The University of Utah’s J. Willard Marriott Library will host the art exhibition Globalocation: Celebrating 20 Years of Artnauts, Jan. 20-March 3.

Artnauts, an art collective formed 20 years ago by George Rivera, professor of art and art history at the University of Colorado, Boulder, consists of 300 global artists who serve as goodwill ambassadors, acknowledging and supporting victims of oppression worldwide. Their creativity has generated over 230 exhibitions across five continents. Five faculty members from the U’s Department of Art and Art History are members of the collective, Sandy Brunvand, Beth Krensky, V. Kim Martinez, Brian Snapp and Xi Zhang.

Globalocation derives from “Globalocational Art” — a concept used by the Artnauts to refer to their exhibitions in international venues. It is the mission of the Artnauts to take art to places of contention, and this anniversary exhibition is a sample of places where they have been and themes they have addressed.

“The Artnauts could not exist without the commitment of the artists in the collective to a common vision of the transformative power of art,” said Rivera. “The Artnauts make their contribution with art that hopefully generates a dialogue with an international community on subjects that are sometimes difficult to raise.”

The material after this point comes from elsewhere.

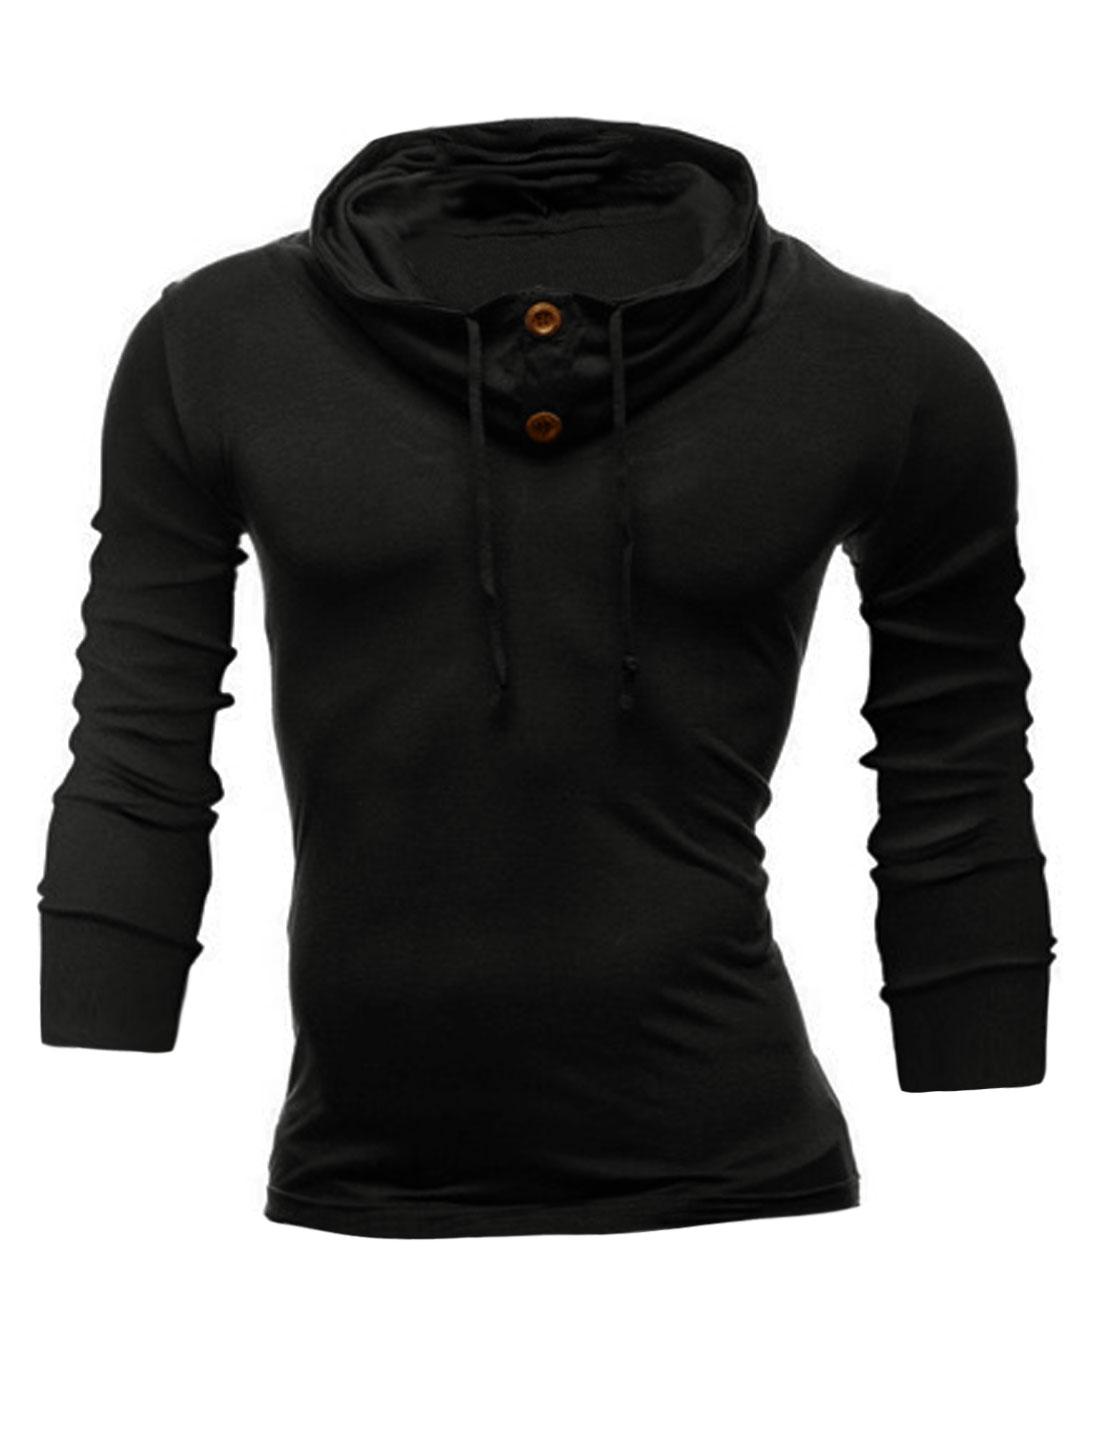 Men Funnel Neck Long Sleeves Drawstring Sweatshirt Black M
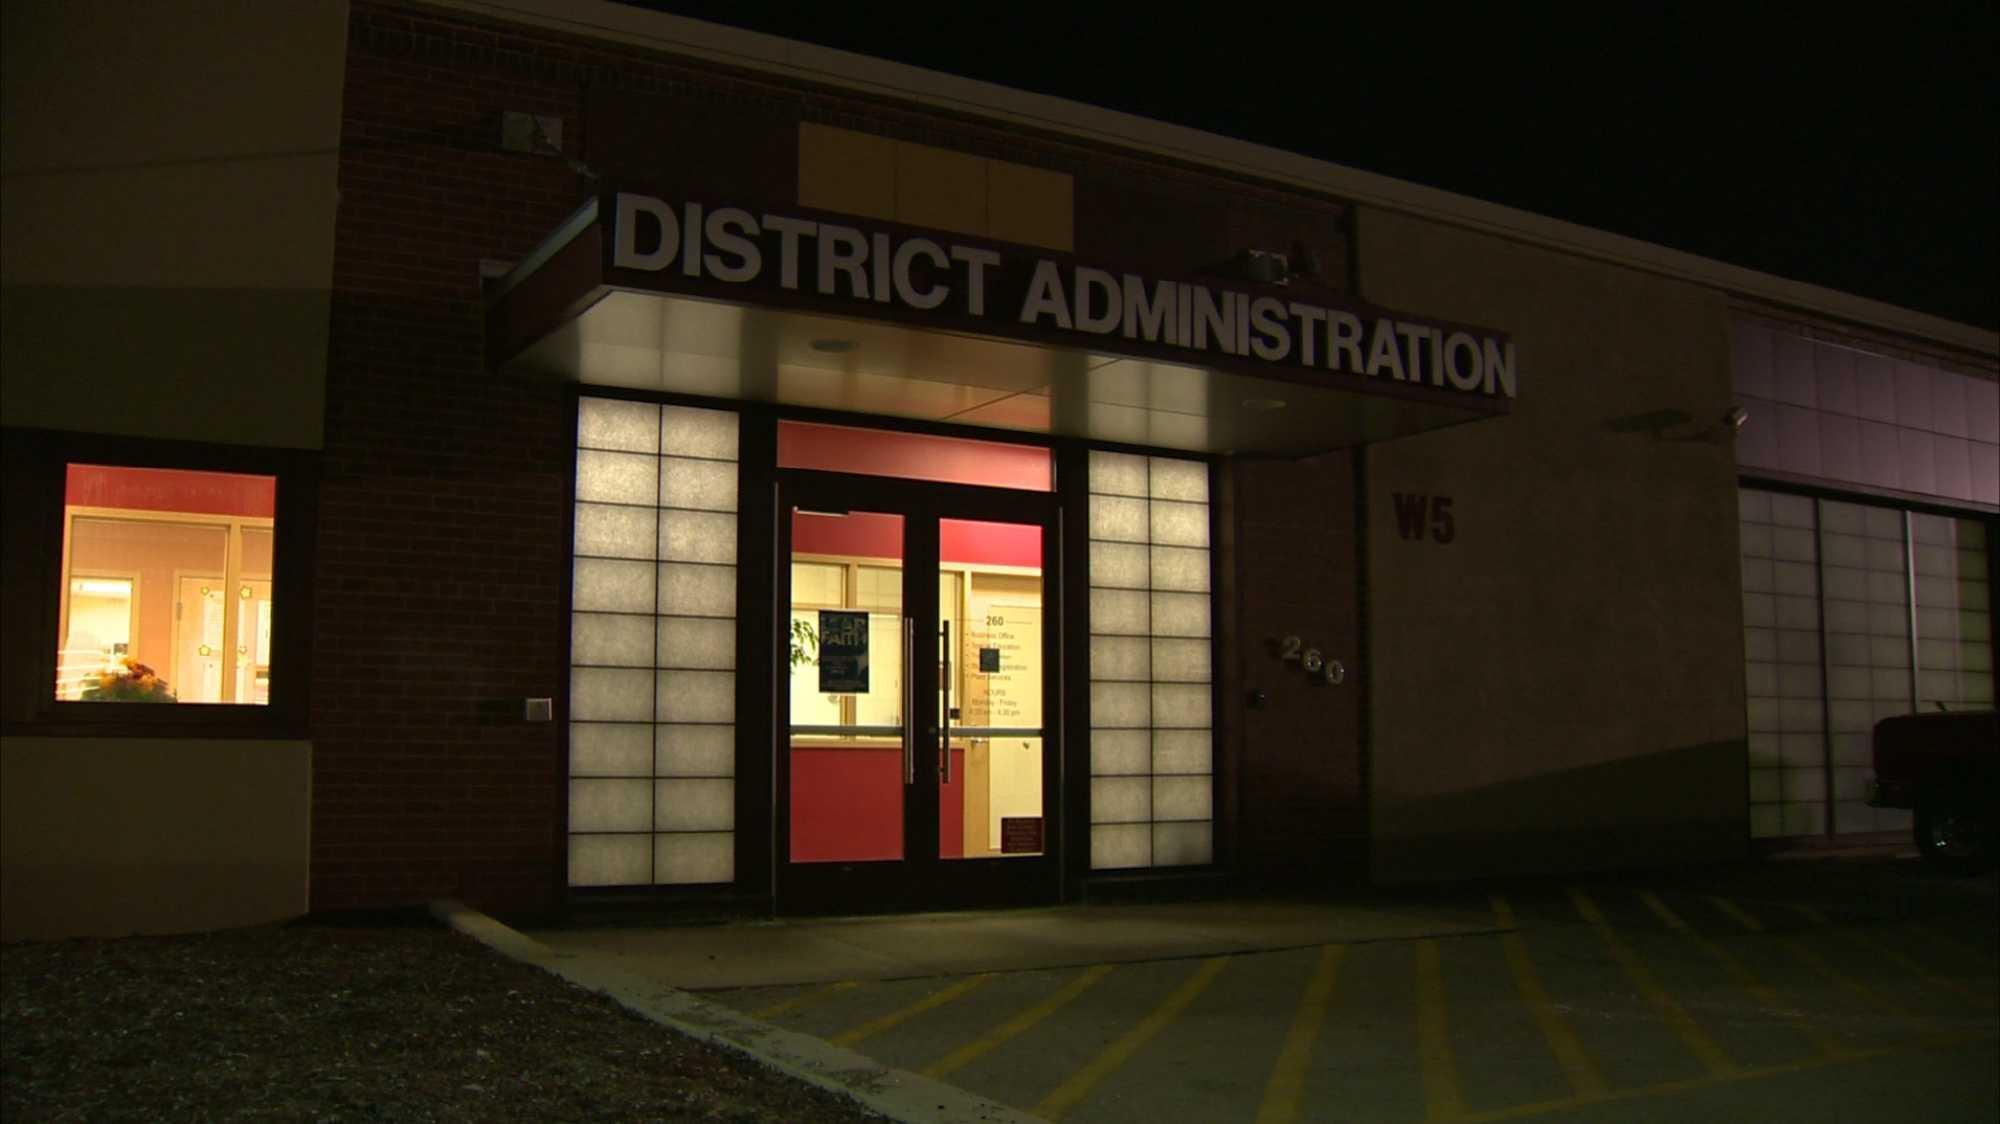 Penn Hills School District administration building

Krensky, associate department chair of the Art and Art History Department, had the opportunity to travel with Rivera in Chile as part of an Artnauts project, working with mothers who were searching for their children who had mysteriously disappeared during a time of political unrest.

“When I travelled to Chile in 1998, George and I spent an afternoon with the Mothers of the Disappeared, and the meeting changed my life,” said Krensky. “It was from that moment on that I placed a picture of them on my desk to look at every day. I was so moved by what they each had lost — a son, a brother, a father — and yet what remained for them was a deep, deep well of love. They were fierce warriors and stood up to the government to demand the whereabouts and information of the people who had disappeared, but they lived within profound love.”

The 20th anniversary exhibition at the Marriott Library is a retrospective of the traveling works the Artnauts have toured around the globe. The exhibition will be located on level three of the library. The opening reception is open to the public and will be held on Friday, Jan 20, 4-6 p.m. Rivera will speak at 4 p.m.